Our judiciary, insofar as it still cares about this country, needs to be made aware of these two gaps so that prudence and discernment can return to their rightful positions in rendering judgments on these important cases. I’m in no way calling for judges to become experts in “Woke” language or ideological subversion. Instead, I’m calling for a growing sense of awareness that both language and expertise are at least partly captured and being weaponized so that sound judgments cannot be made on prima facie understanding of expert testimony or the plain meanings of words. The experts are often fake, the expertise manufactured to purpose, and plain meaning of words plainly not meant.

While both of these issues are extremely important for our nation’s judges to be aware of and to take into account when rendering their decisions, the issue of captured, equivocal language is particularly important. Smart people—such as judges are—are some of the most susceptible to the wizardry of equivocal language because they’re the most likely to be certain they already know the plain meanings of many words. Furthermore, simply through these linguistic equivocations, the entire meaning of a law or ruling can be changed or even reversed without changing any of the relevant wording. As an example, the Fourth Amendment protects against government seizure of property, but it does not protect against the seizure of stolen property. If, through “land acknowledgements” or whatever other Marxist manipulation, a judge can be convinced that the property held by some entity is in fact “stolen,” whether from indigenous tribes or through the illegitimate accumulation of capital through exploitation of Man or Nature, the Fourth Amendment would cease to protect that property from seizure—a trick Communist countries used again and again in their own legal contexts. All of contract law is vulnerable to this kind of linguistic exploitation as well once certain activist clauses are inserted into the contract itself or the underlying set of assumptions upon which it is based.
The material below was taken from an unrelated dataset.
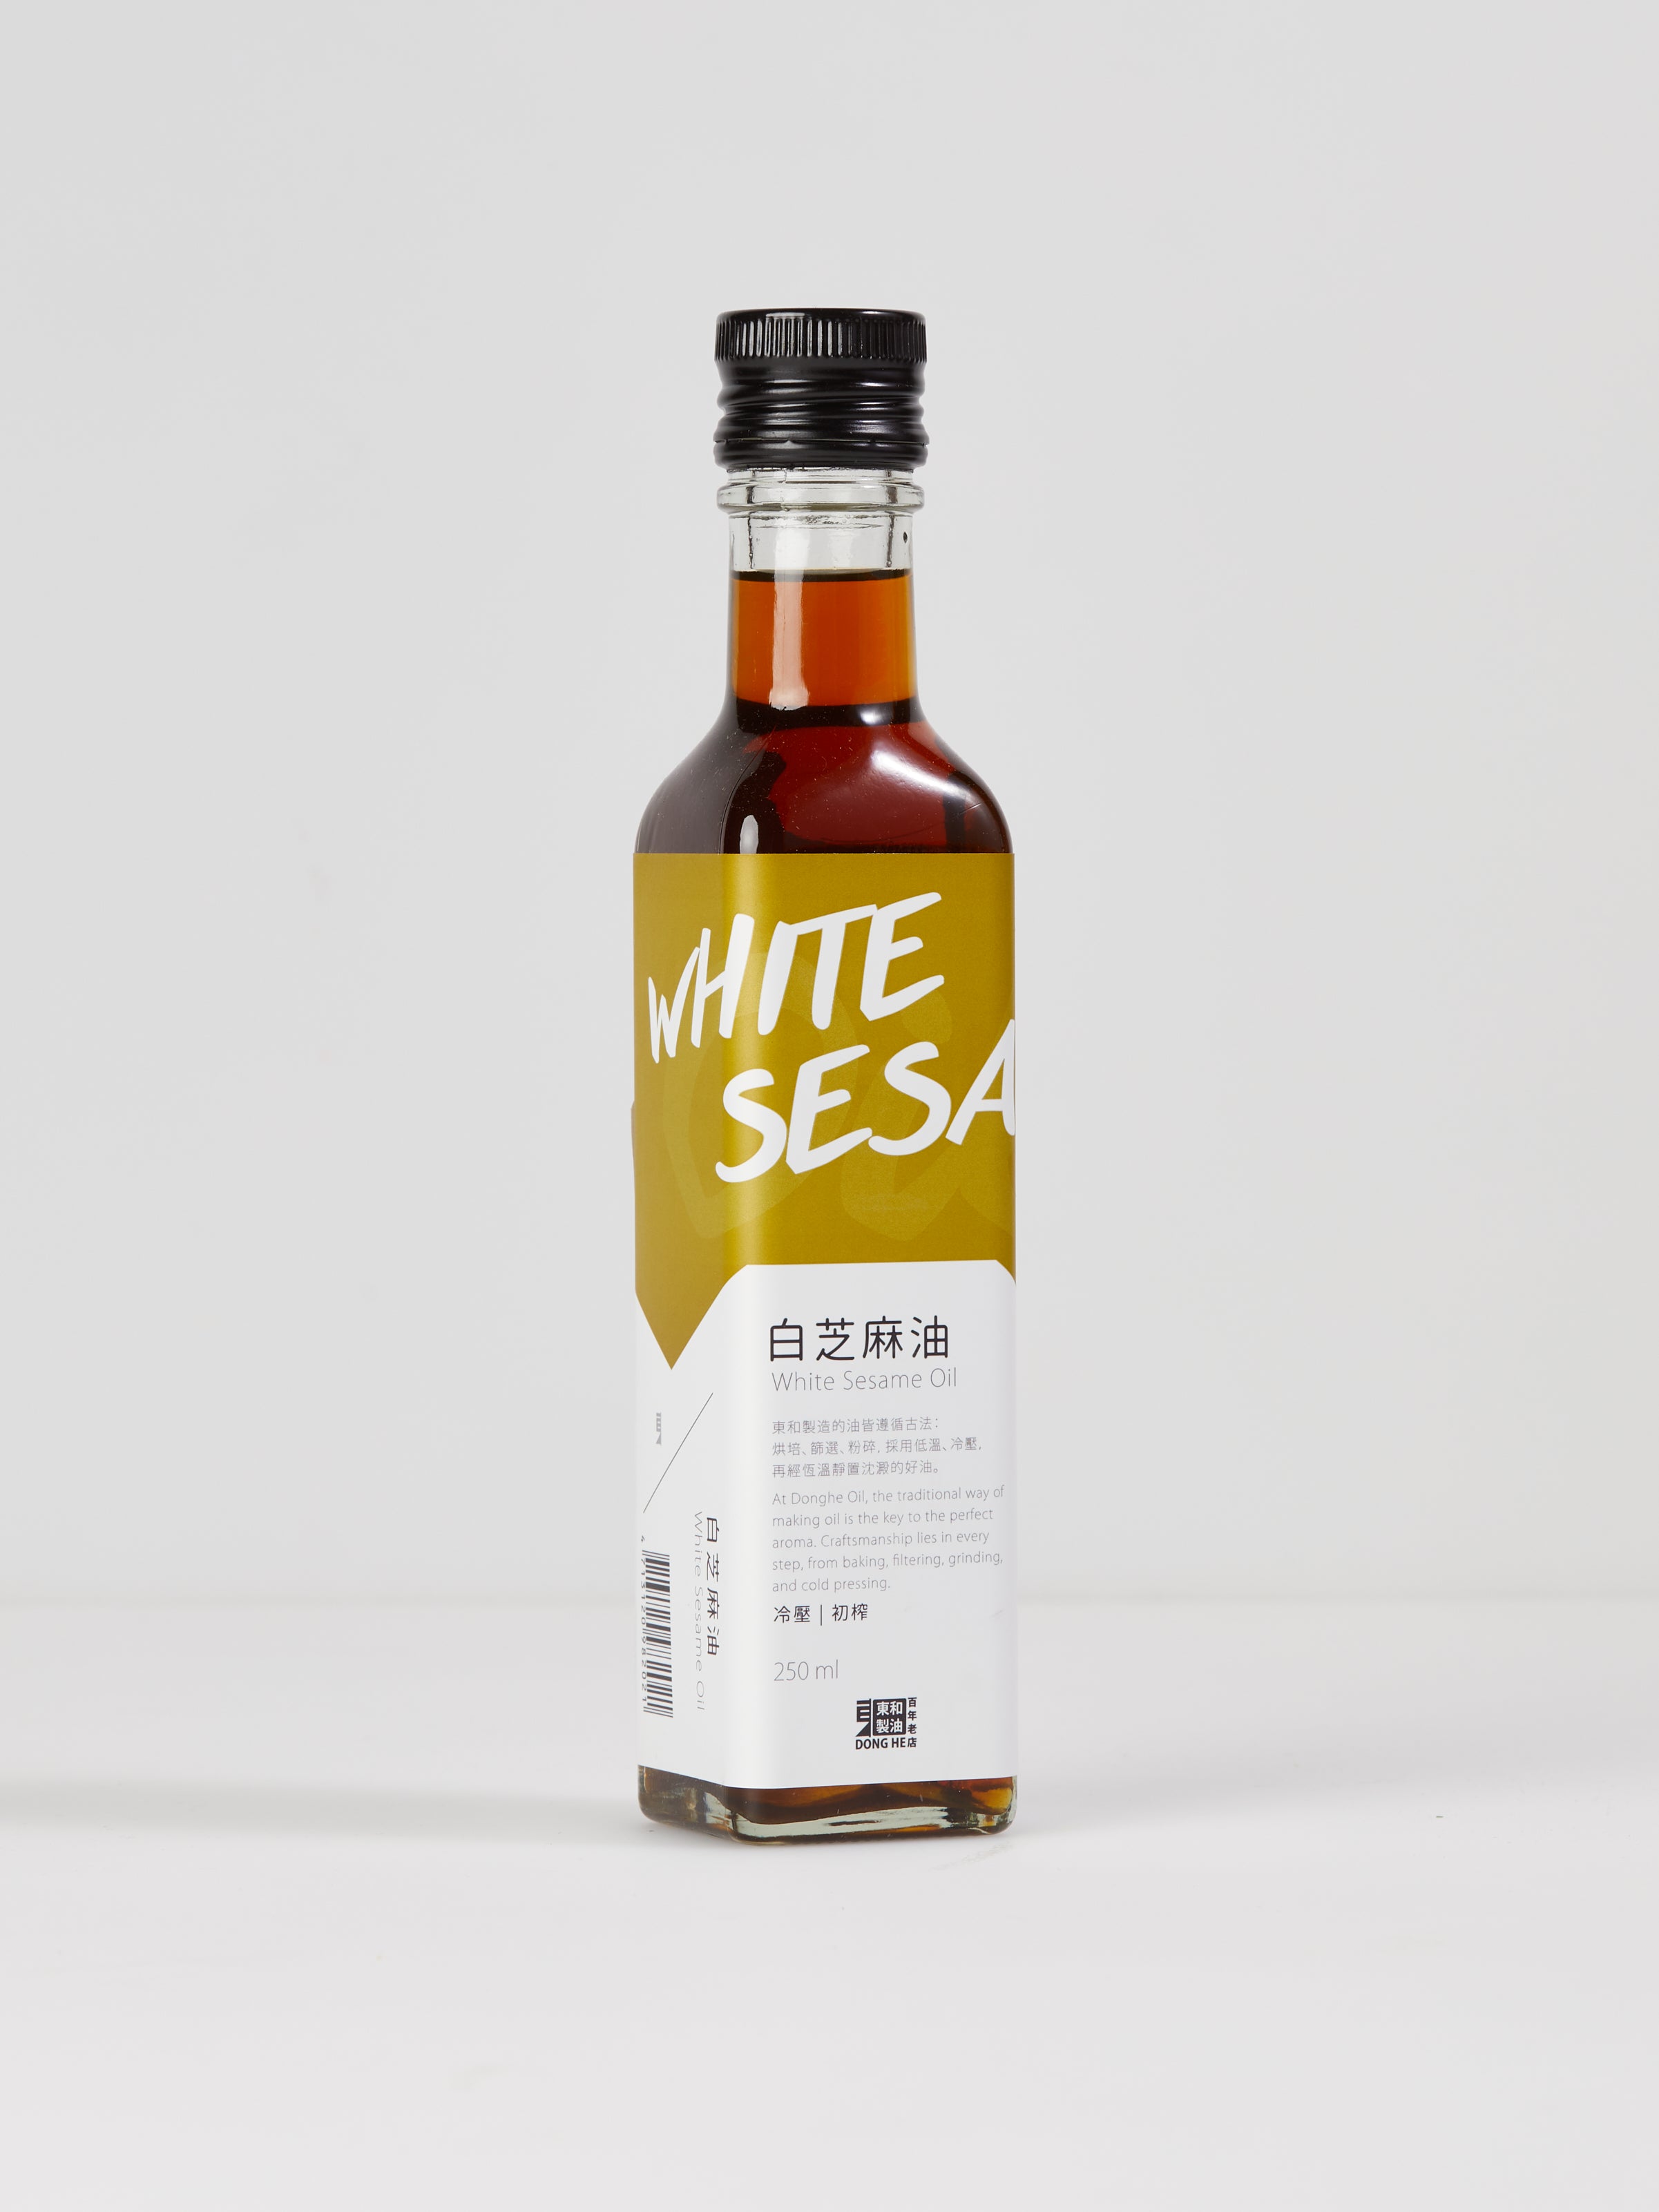 White Sesame Oil, Cold Pressed

If we are going to save this nation and restore and establish a fair Rule of Law, the Gramscian infiltration and subversion of law must be stopped. Much of this subversion takes place by taking advantage of a judiciary that does not fully comprehend how tainted expertise, expert testimony, and language are as a result of decades of Critical activism. My hope is that this essay sounds an alarm and starts a movement to shake them awake before it’s too late.